Root: clojure.lang.ExceptionInfo - Fail to transact to LMDB: #error {
 :cause "MDB_PAGE_FULL: Internal error - page has no more space"
 :via
 [{:type datalevin.cpp.Util$DTLVException
   :message "MDB_PAGE_FULL: Internal error - page has no more space"
   :at [datalevin.cpp.Util checkRc "Util.java" 63]}]
 :trace
 [[datalevin.cpp.Util checkRc "Util.java" 63]
  [datalevin.cpp.Dbi put "Dbi.java" 56]
  [datalevin.binding.cpp.DBI put "cpp.clj" 314]
  [datalevin.binding.cpp.DBI put "cpp.clj" 315]
  [datalevin.binding.cpp$put_tx invokeStatic "cpp.clj" 633]
  [datalevin.binding.cpp$put_tx invoke "cpp.clj" 626]
  [datalevin.binding.cpp$transact1_STAR_ invokeStatic "cpp.clj" 651]
  [datalevin.binding.cpp$transact1_STAR_ invoke "cpp.clj" 648]
  [datalevin.binding.cpp.CppLMDB transact_kv "cpp.clj" 1053]
  [datalevin.interface$eval8059$fn__8969$G__8025__8984 invoke "interface.clj" 90]
  [datalevin.interface$eval8059$fn__8969$G__8024__9000 invoke "interface.clj" 90]

Root stack trace:
  datalevin.binding.cpp.CppLMDB/transact_kv at cpp.clj:1070
  datalevin.interface$eval8059$fn__8969$G__8025__8984/invoke at interface.clj:90
  datalevin.interface$eval8059$fn__8969$G__8024__9000/invoke at interface.clj:90
The calling code looks like:
(d/transact-kv *kv*
                 index
                 [[:put (key->bytes k) (value->bytes v)]]
                 :bytes :bytes)
Any ideas?

amar 2026-02-28T13:39:40.420569Z

Thanks. I'll try to see if I can put together a minimal example.

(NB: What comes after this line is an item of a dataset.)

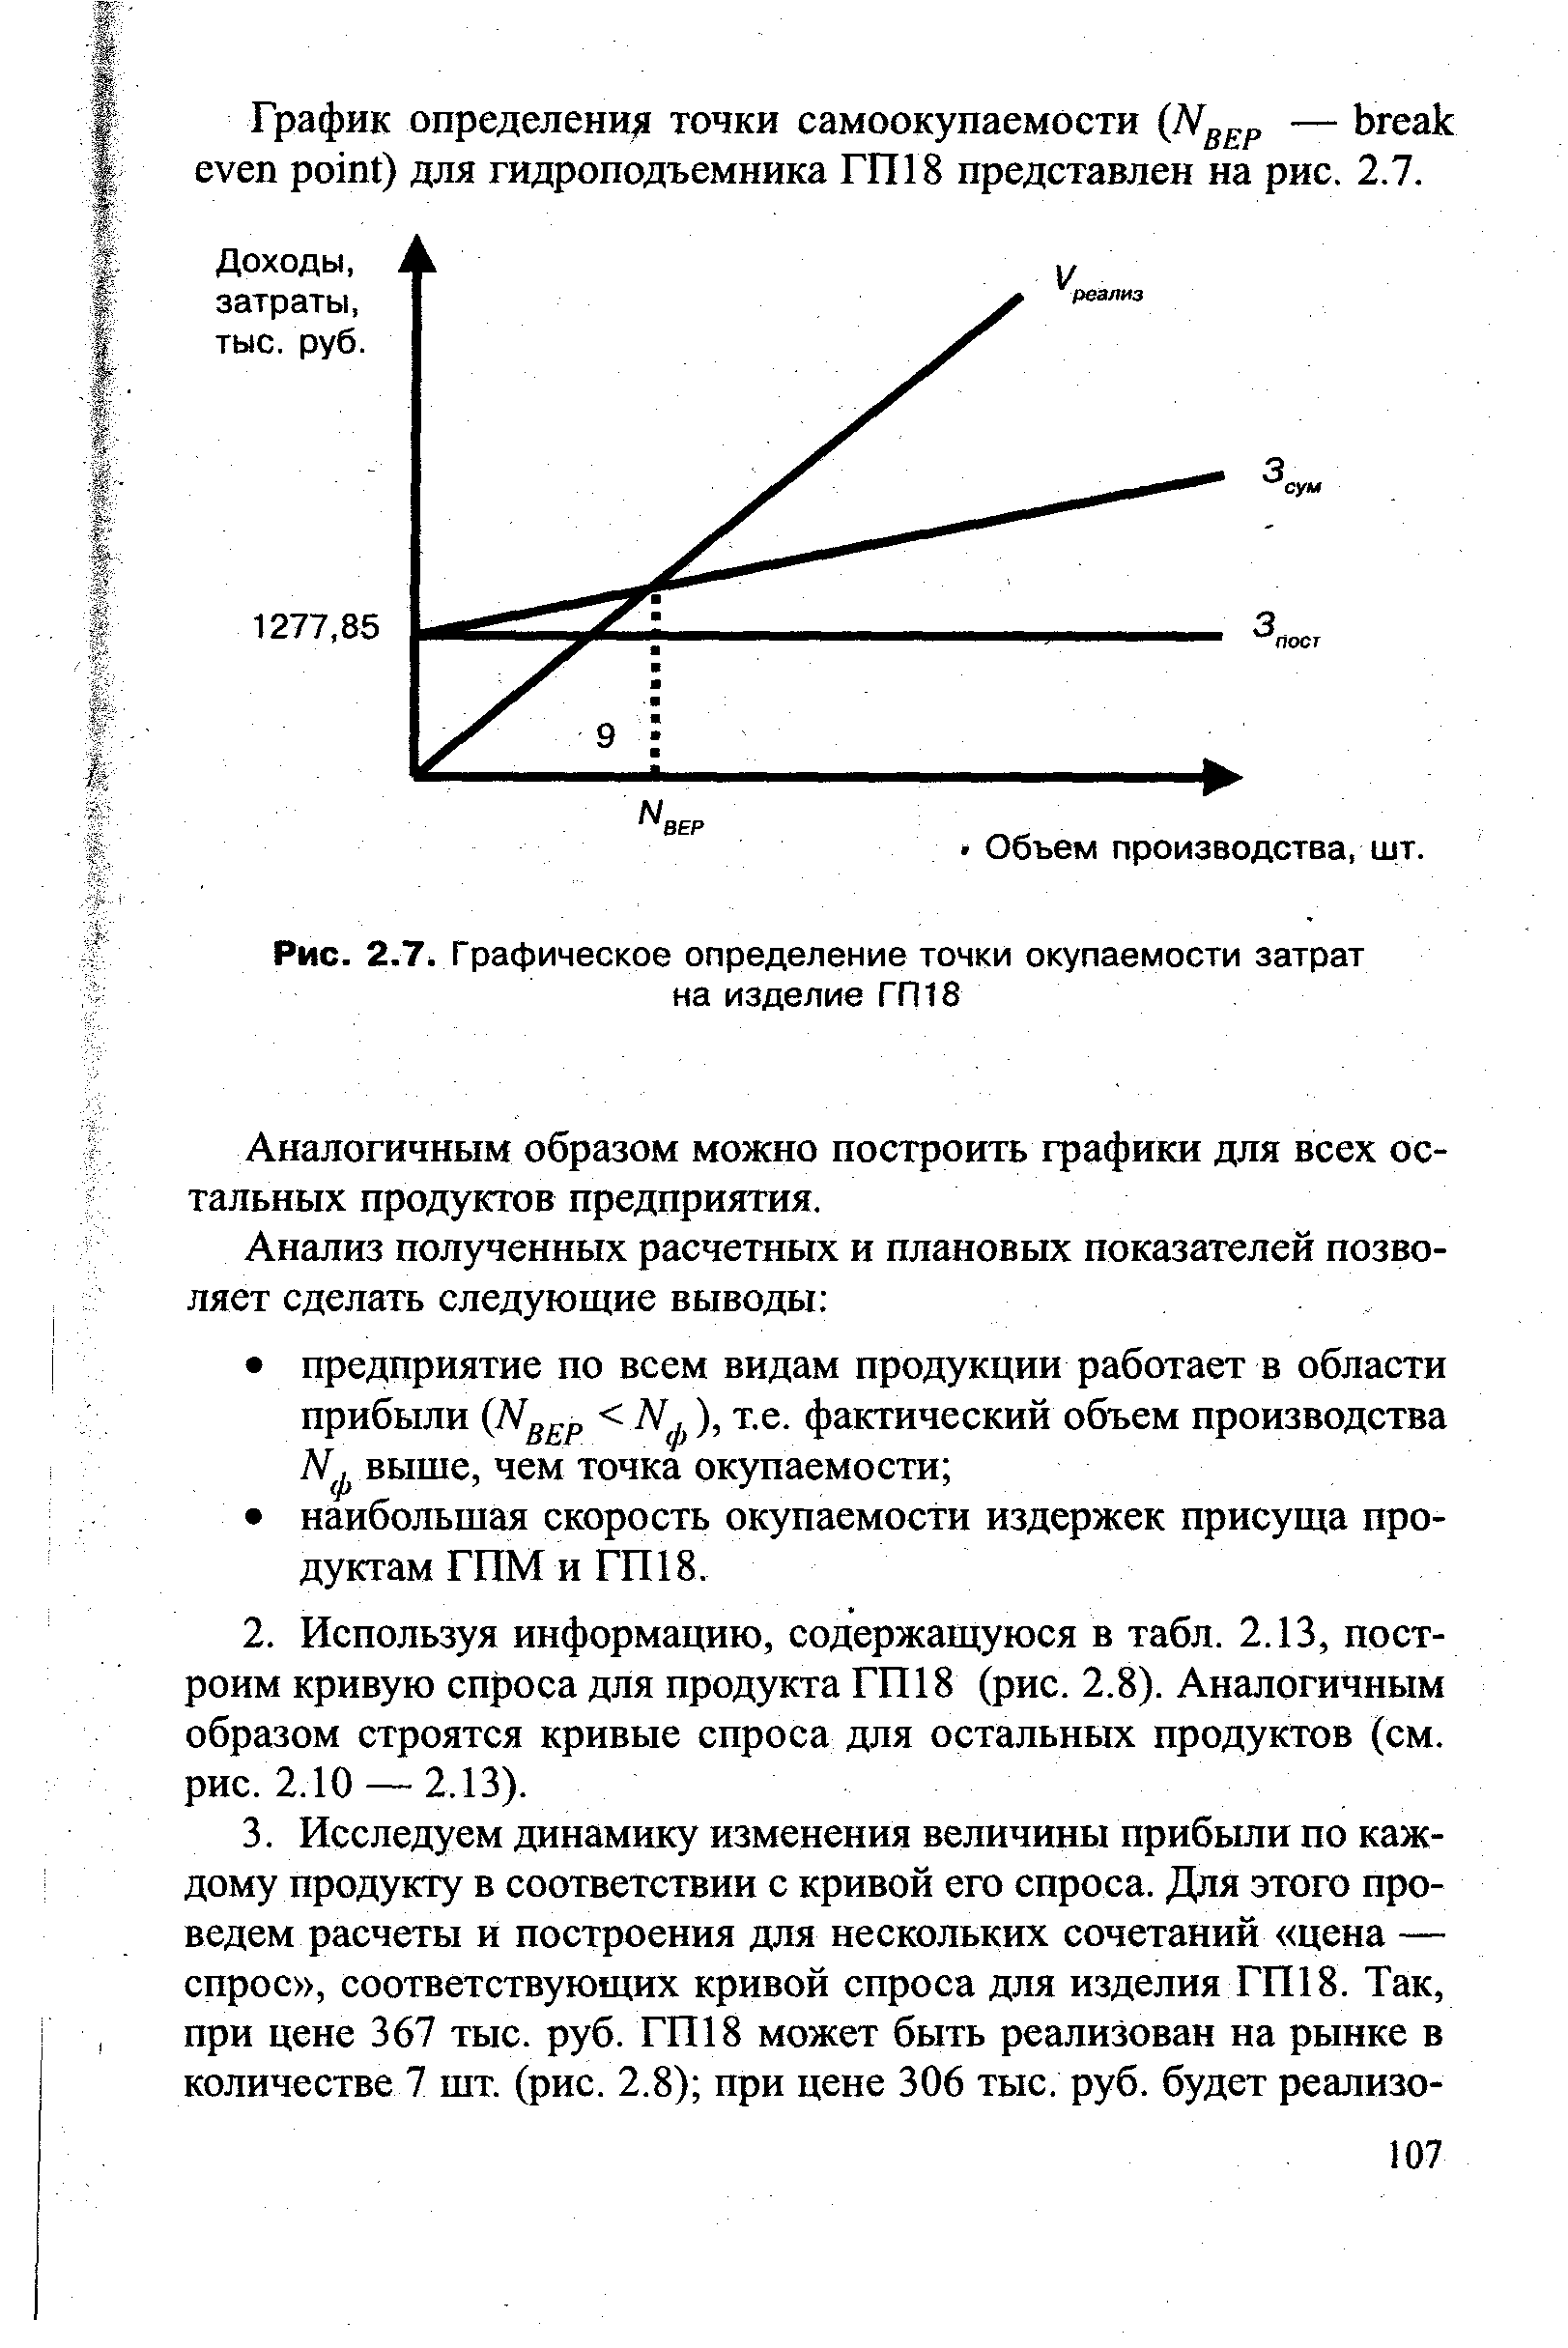 Рис. 2.7, Графическое определение точки окупаемости затрат на изделие ГП18

Huahai 2026-03-01T00:58:36.297909Z

Please file a github issue with a link to the DB.

Huahai 2026-03-01T06:33:23.877829Z

Please test if the master branch fixes this.

Huahai 2026-02-28T05:20:26.461499Z

If you can share a minimal DB that produce this error, we can take a look. It looks like an edge case in prefix compression.

Huahai 2026-02-28T06:52:58.536719Z

If not, the next release may have a fix.

amar 2026-03-01T15:32:42.448619Z

Hi @huahaiy Yes! the master branch fixes the issue. Thank-you very much!